Lastly, as I was going through the process of moving from bench to bedside—which, for cell therapy, was unquestionably one of the most rapid transitions that one can imagine—I was also training graduate students and postdocs and physician-scientists. And this is something that I learned through CRI and other funding agencies. It’s critical that we support these individuals at a very early stage, and provide them the freedom to free associate, to try things that happened purely from serendipity. I can't explain enough how important that is, especially in the current funding climate. The ability to pursue a vision that may be completely imaginary, yet grounded in science, can lead to real change.

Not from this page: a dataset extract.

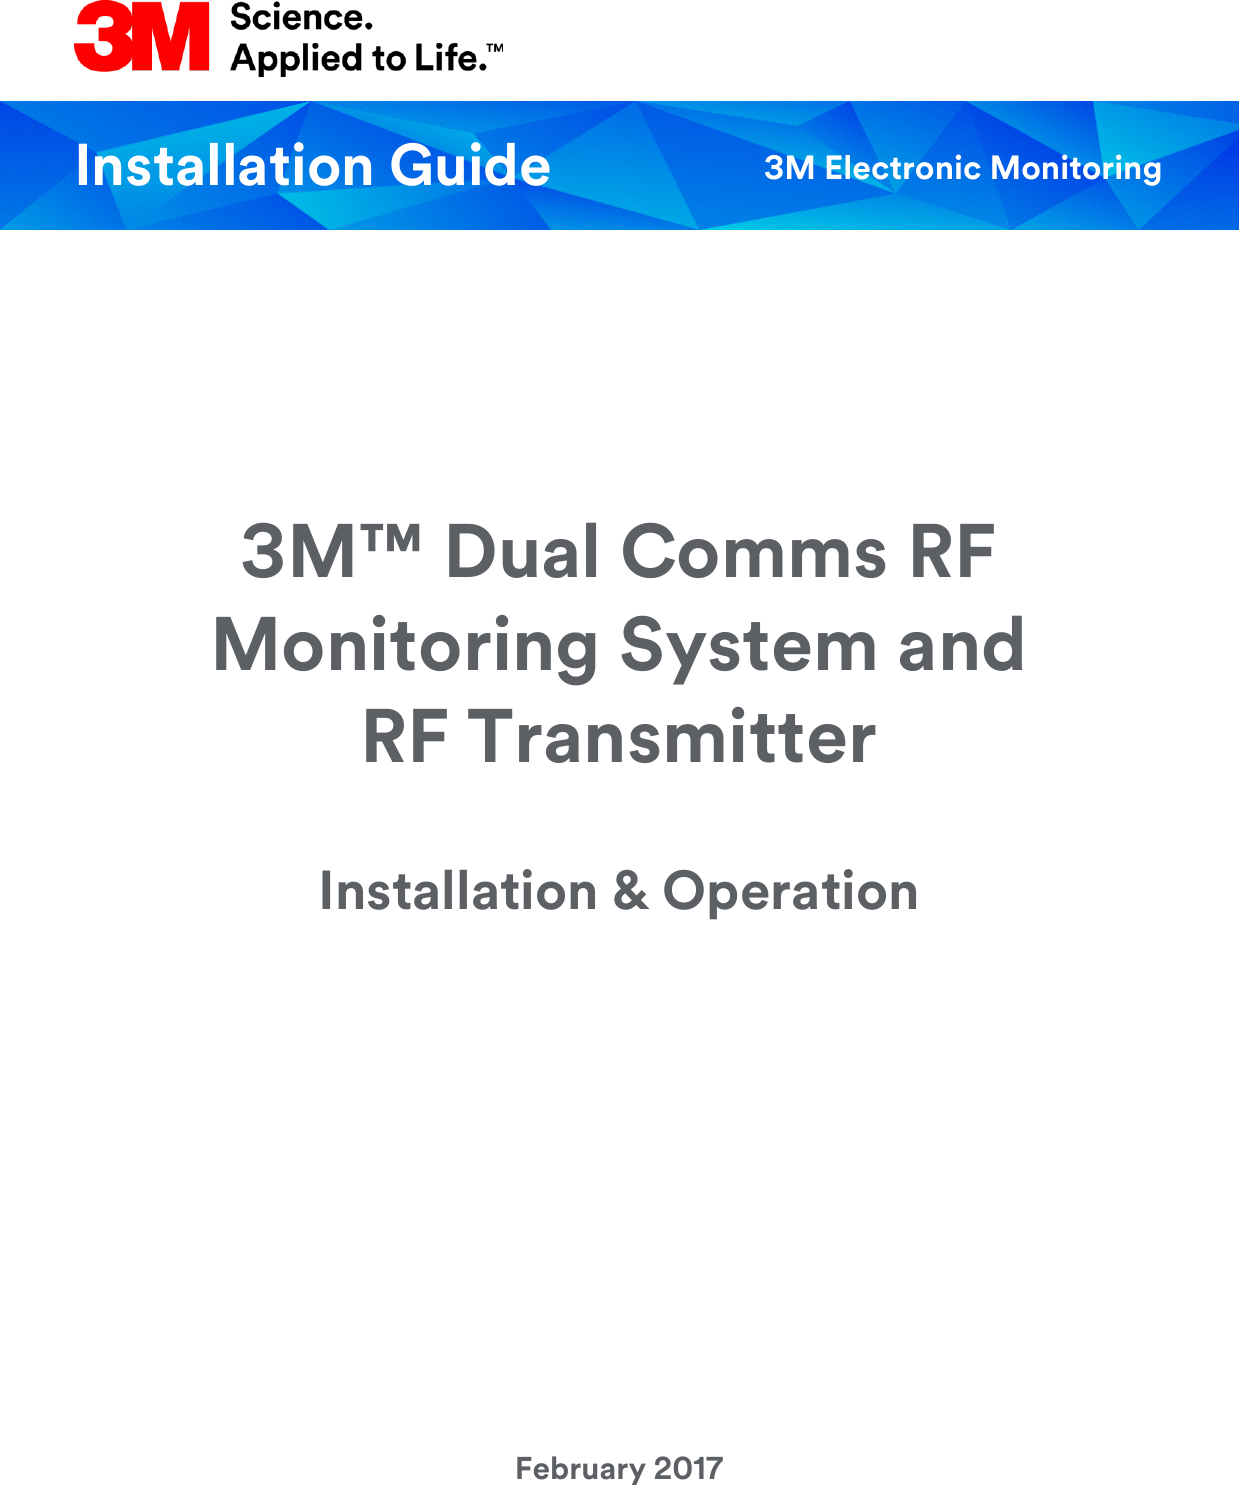   3M™ Dual Comms RF Monitoring System and  RF Transmitter Installation &amp; Operation            February 2017   Installation Guide 3M Electronic Monitoring 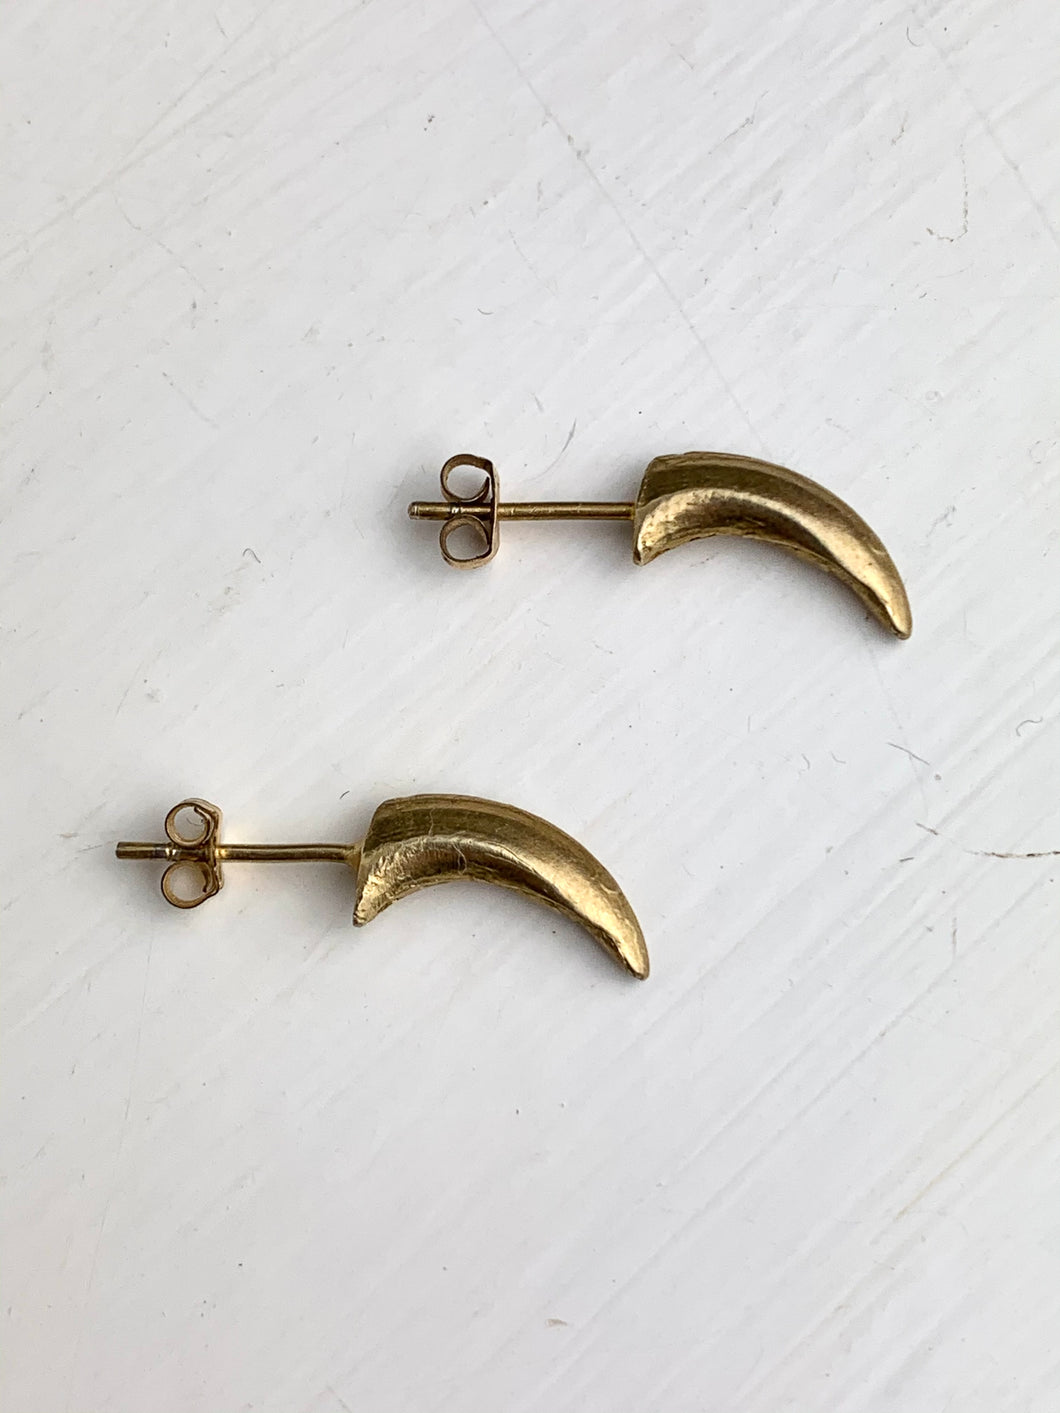 Totem Claw Studs Earrings in Gold

CRI has supported our lab at every critical stage so far. Unfortunately, we had no NIH funding for some of these seminal studies. The first time combination trial with ipilumumab, the first FDA-approved checkpoint immunotherapy, was a CRI-funded trial. Even getting the drugs for us to do that combination was really through the efforts of the Cancer Research Institute. Putting us together with pharma allowed us to use ipilimumab before it was approved. It was an unimaginable barrier to overcome at the time. Now, we happen to be working in chordoma in this next step beyond melanoma to rare tumors. This might influence the next generation of researchers in that area of clinical discovery, and it was catalyzed by this CRI-Chordoma Foundation CLIP grant.